Essa noite não é como
todas as outras, mas eu a conheço de alguma época, como se esse instante fosse
uma coisa vivida há um tempo atrás. Não consigo lembrar quando aconteceu e não
sei lembrar como termina, mas me arrisco em permanecer acordada até que o
próximo dia venha. Quero vê-la passar.
Sobre o que sinto
agora, ainda não sei. Talvez seja a saudade barata causada por uma paixão
passageira que me leve a essa nostalgia mais profunda, ou vice-versa. Talvez
seja a falta de amor lá fora e o excesso de amor dentro de mim. Talvez seja o
quanto não demonstro e o quanto sonho com demonstrações de afeto. Sobre o que
sinto agora, somente o ar um pouco incômodo do ventilador, a paz dos ouvidos
pelo fim dos fogos de artifício e a vontade de ter bebido qualquer coisa com
álcool.
Meus toques em mim,
toques próprios ainda que desapropriados, os toques são bons. Eu estive
sentindo minha pele e imaginando a sensação de outras pessoas que já a sentiram.

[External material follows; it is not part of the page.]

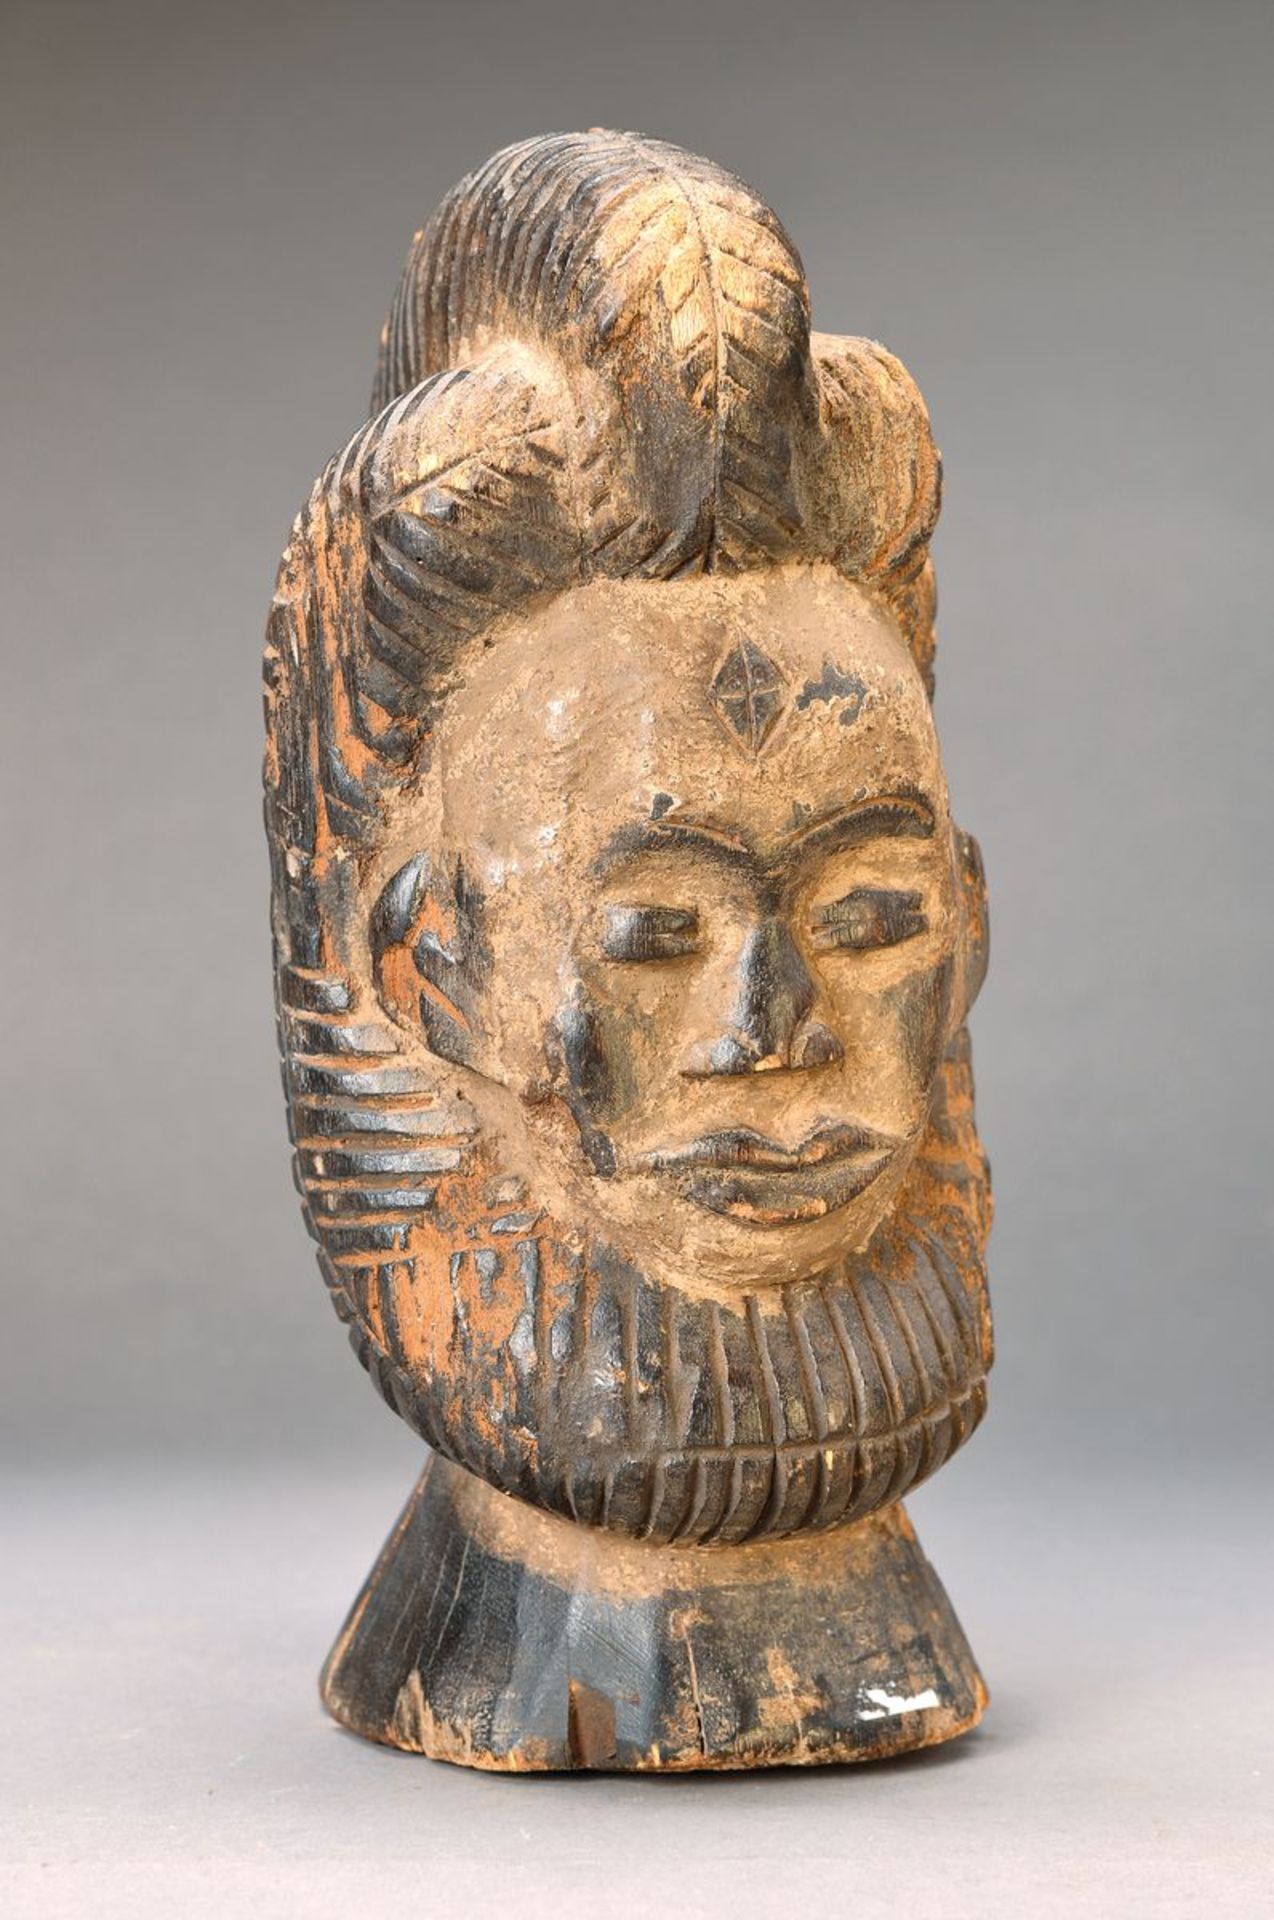 Kopf, wohl Kamerun, ca. 50 Jahre alt, Hartholz aus einem Stück geschnitzt, weiblicher Kopf,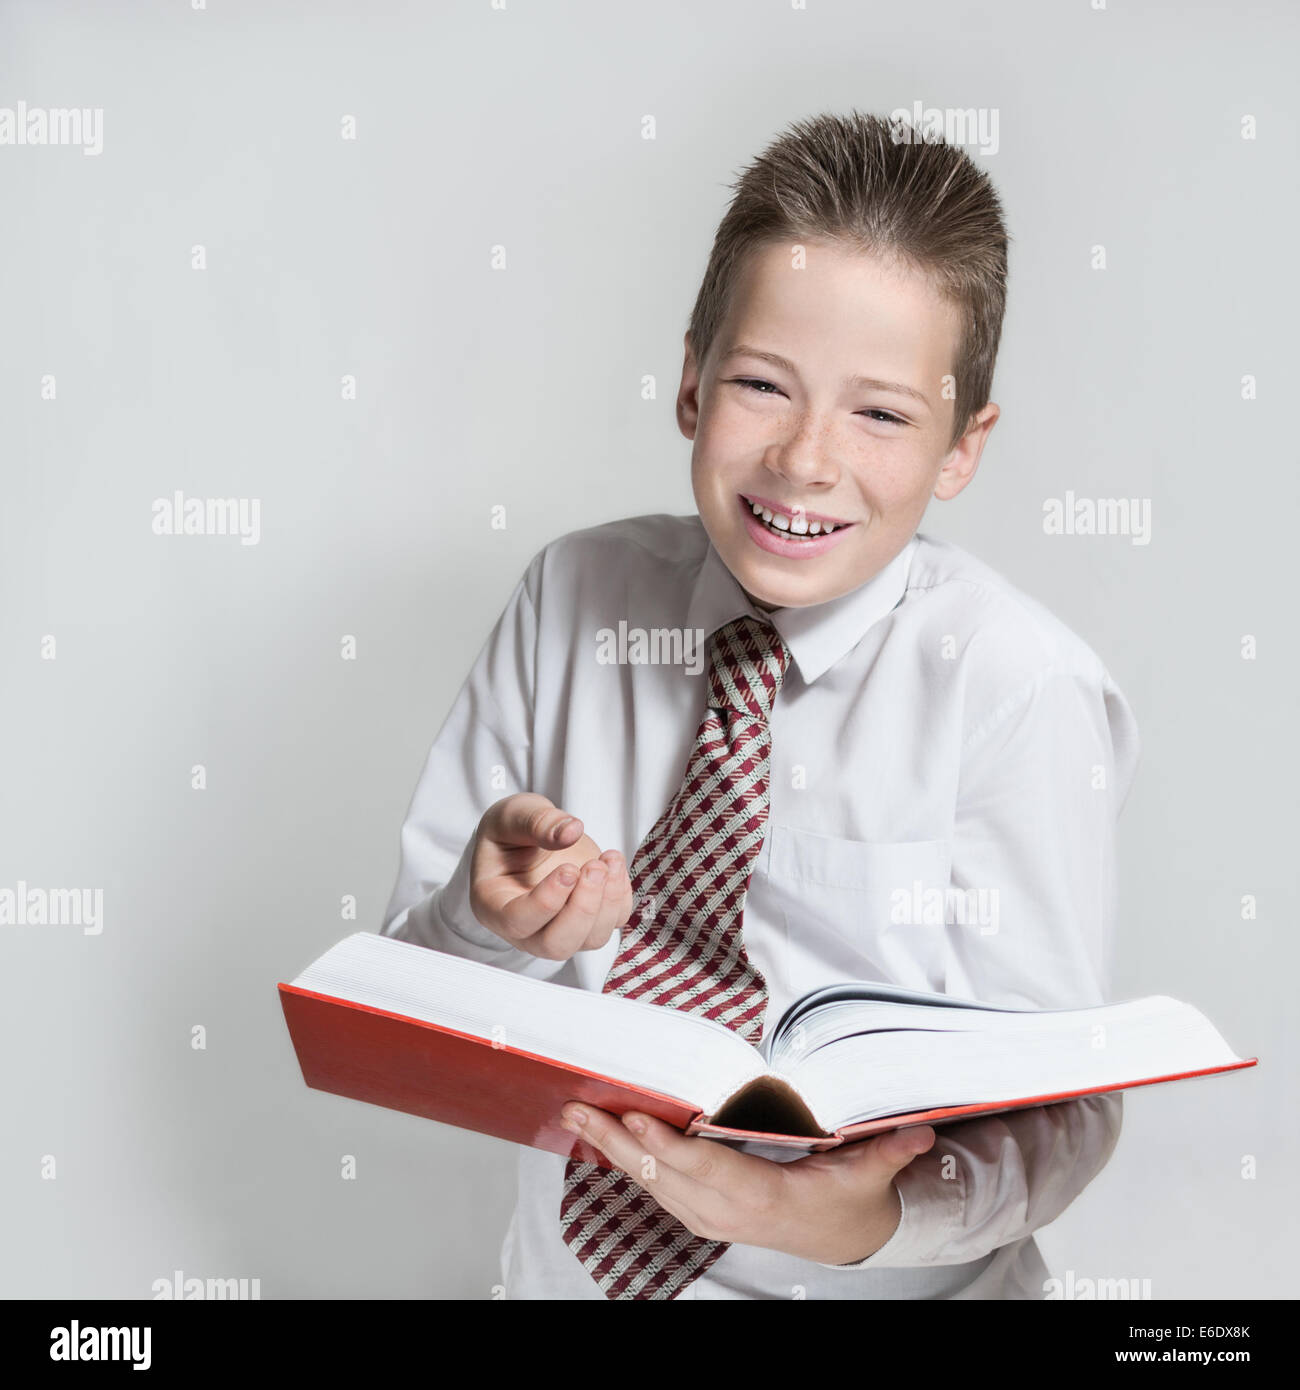 Die lächelnde junge Teenager in ein weißes Hemd und eine Krawatte liest ein große rote lustiges Buch Stockfoto

Penso sempre em agradar o quanto posso e ter sido boa o suficiente na medida
que pude. Por agora, não soa tão difícil. Mas o abraço de uma ou duas pessoas -
com suas particularidades e impossibilidades de estarem comigo agora - me fazem
falta.
A noite não corre, a
noite não caminha, a noite vaga. Os minutos são processos minúsculos de
sentidos, pensamentos e devaneios que vão estourando - silenciosamente - no ar,
aos poucos, depois de inflarem alimentados por tudo o que há na minha cabeça.
Algumas luzes aqui e ali permitem que eu veja o máximo que é também o mínimo
desse horário, a melhor parte: um pouco do céu lá fora, silhuetas dos móveis e
os dedos das minhas mãos que teclam um novo texto.
A noite não me
apresenta nada além do que eu mesma posso produzir, e ainda assim me disperso.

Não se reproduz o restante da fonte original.